Your goal >> With the images removed, return every line below exactly as it reads.

Information shown >>
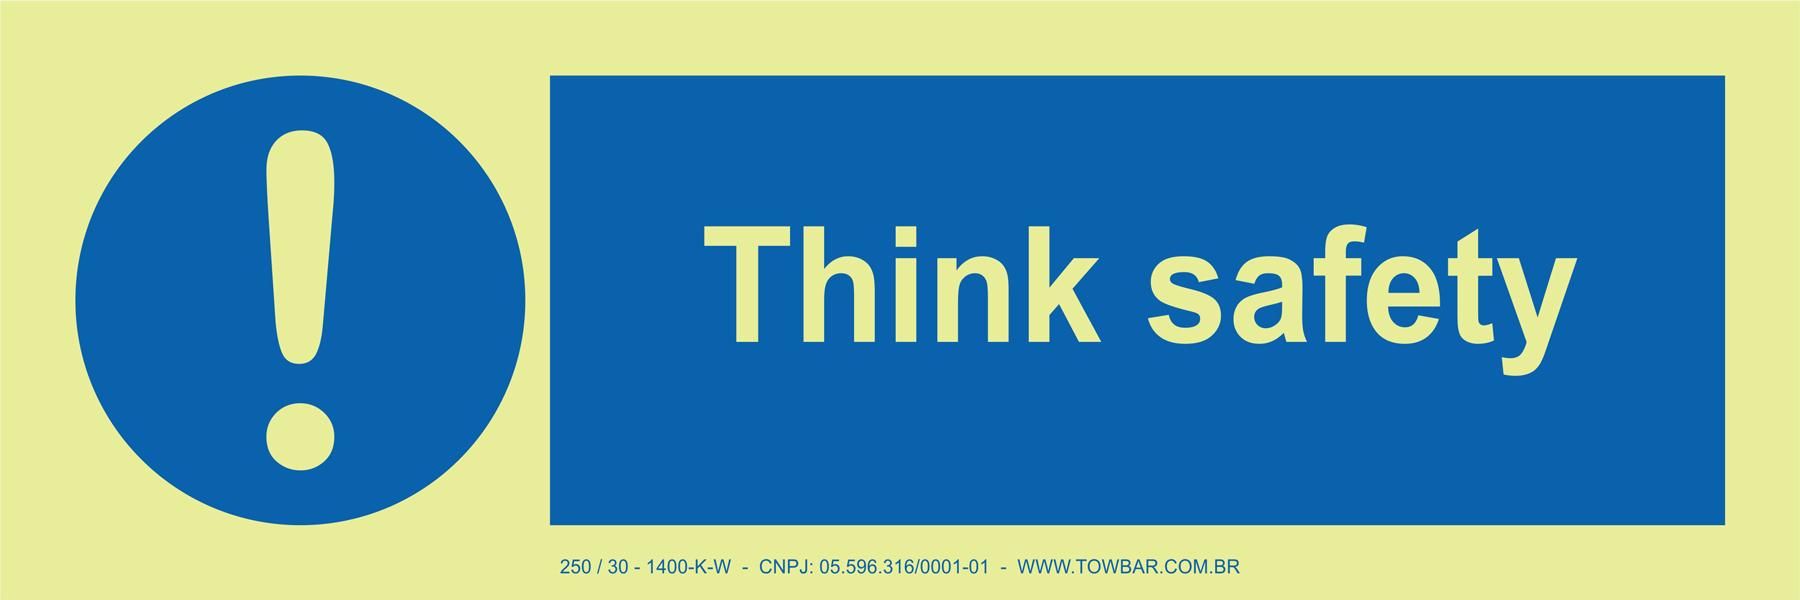 Think Safety  - Towbar Sinalização de Segurança
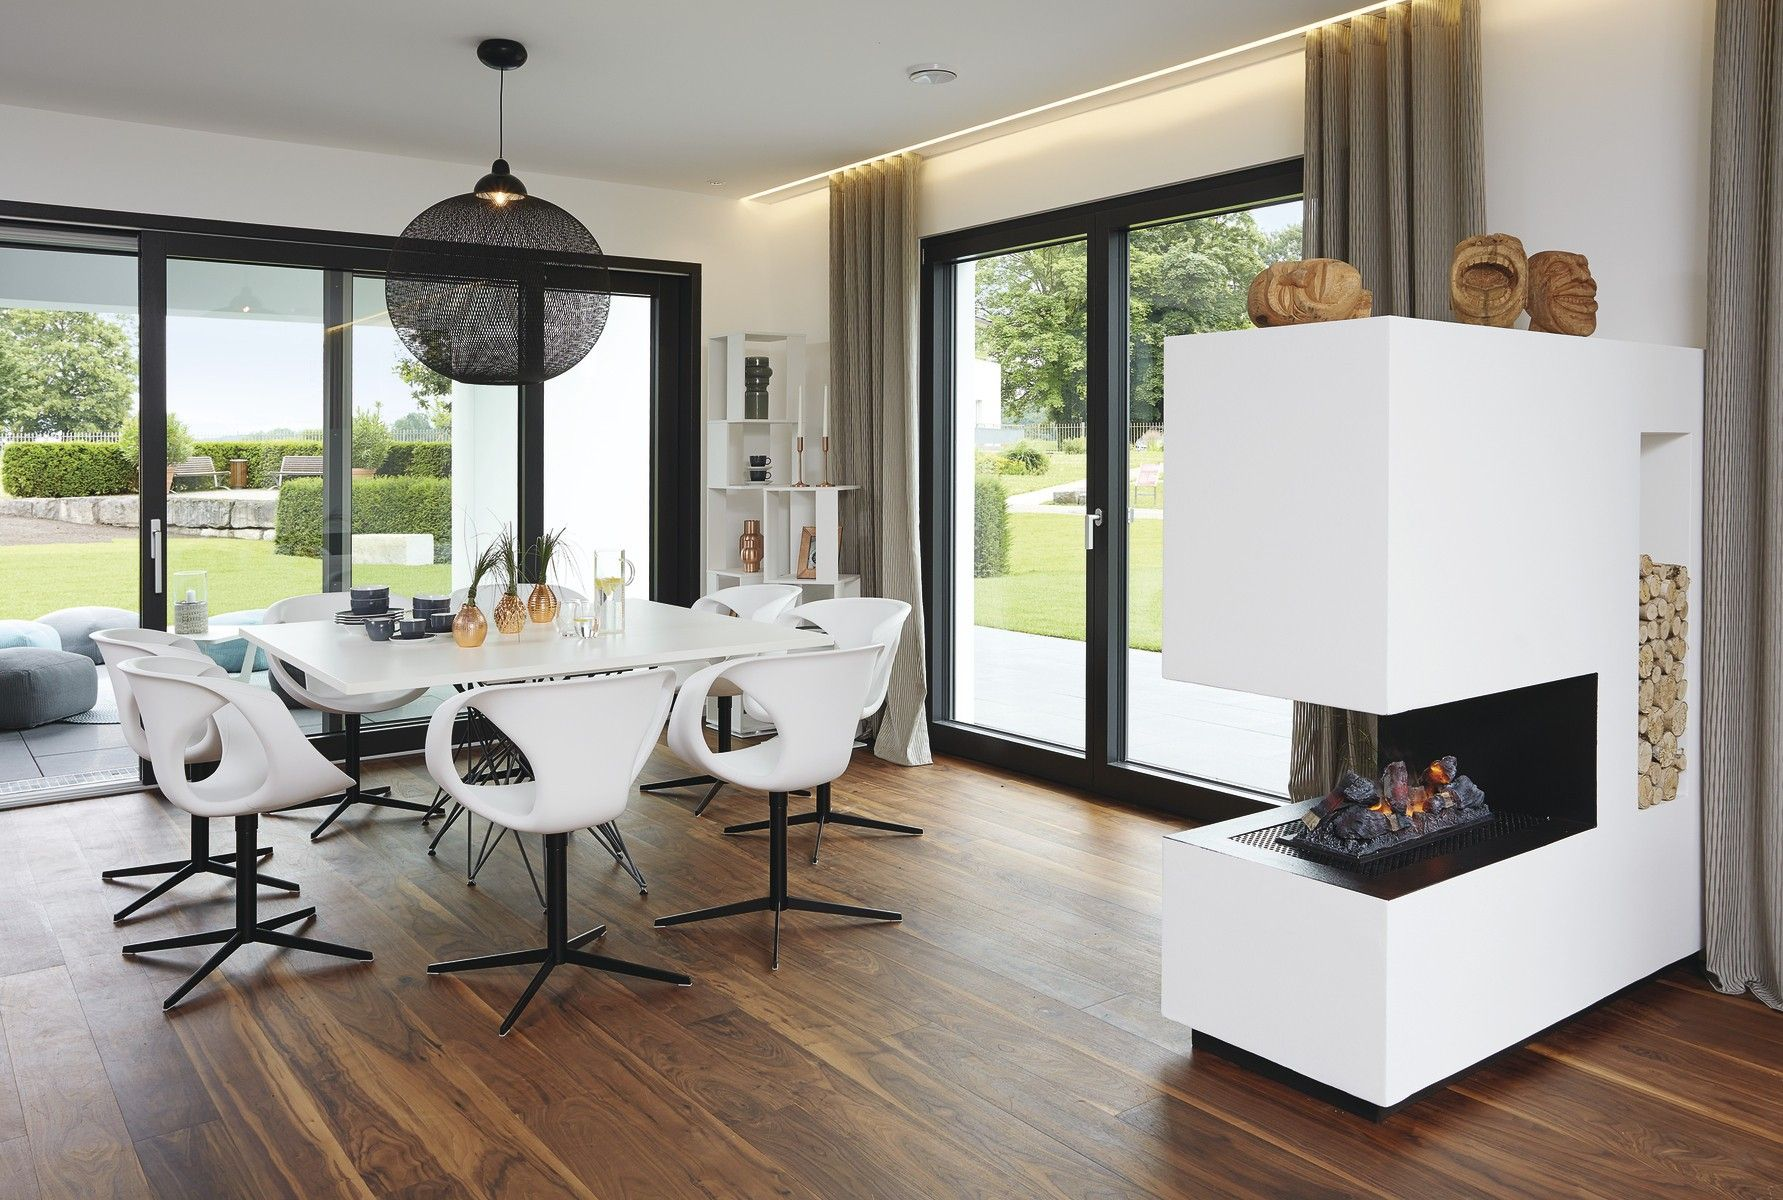 Innenarchitektur wohnzimmer grundrisse undefined  kamine  pinterest  living rooms interiors and room
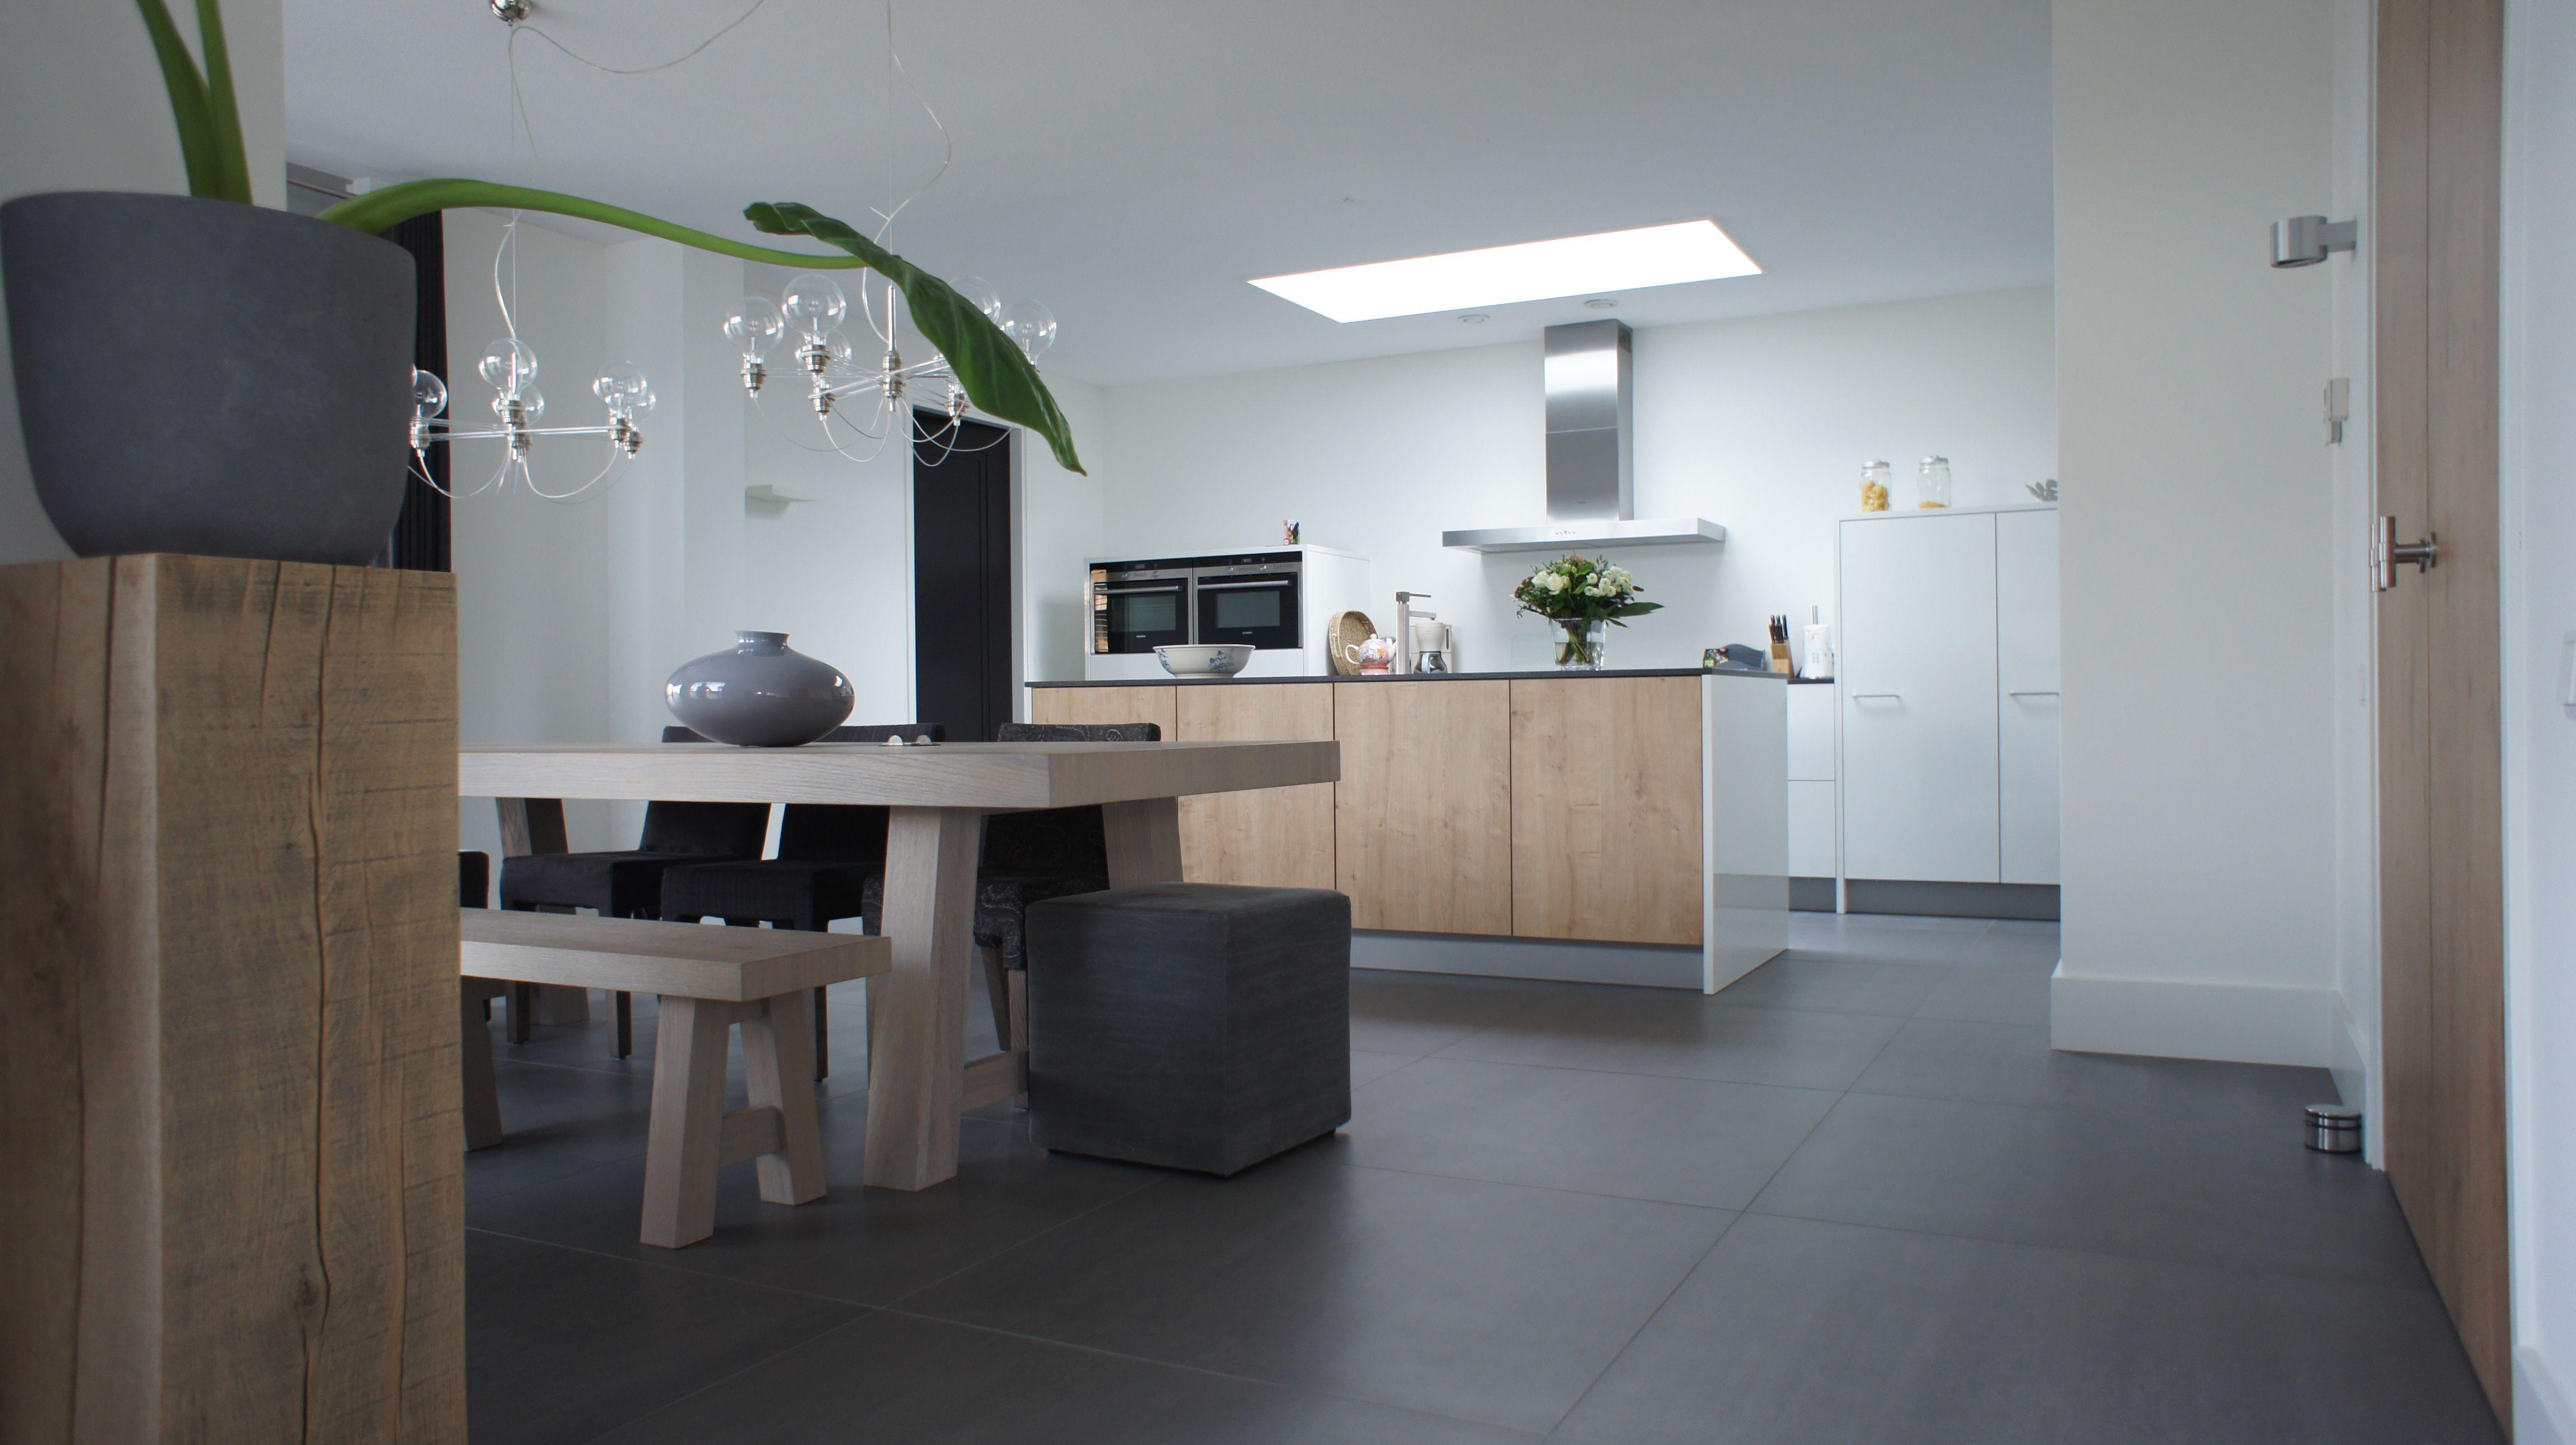 Tegelvloer betonlook antraciet 100 x 100 cm keuken totaal project tegelvloer betonlook - Keuken back bar ...

Answer box >>
 Think Safety  - Towbar Sinalização de Segurança
 Innenarchitektur wohnzimmer grundrisse undefined  kamine  pinterest  living rooms interiors and room
 Tegelvloer betonlook antraciet 100 x 100 cm keuken totaal project tegelvloer betonlook - Keuken back bar ...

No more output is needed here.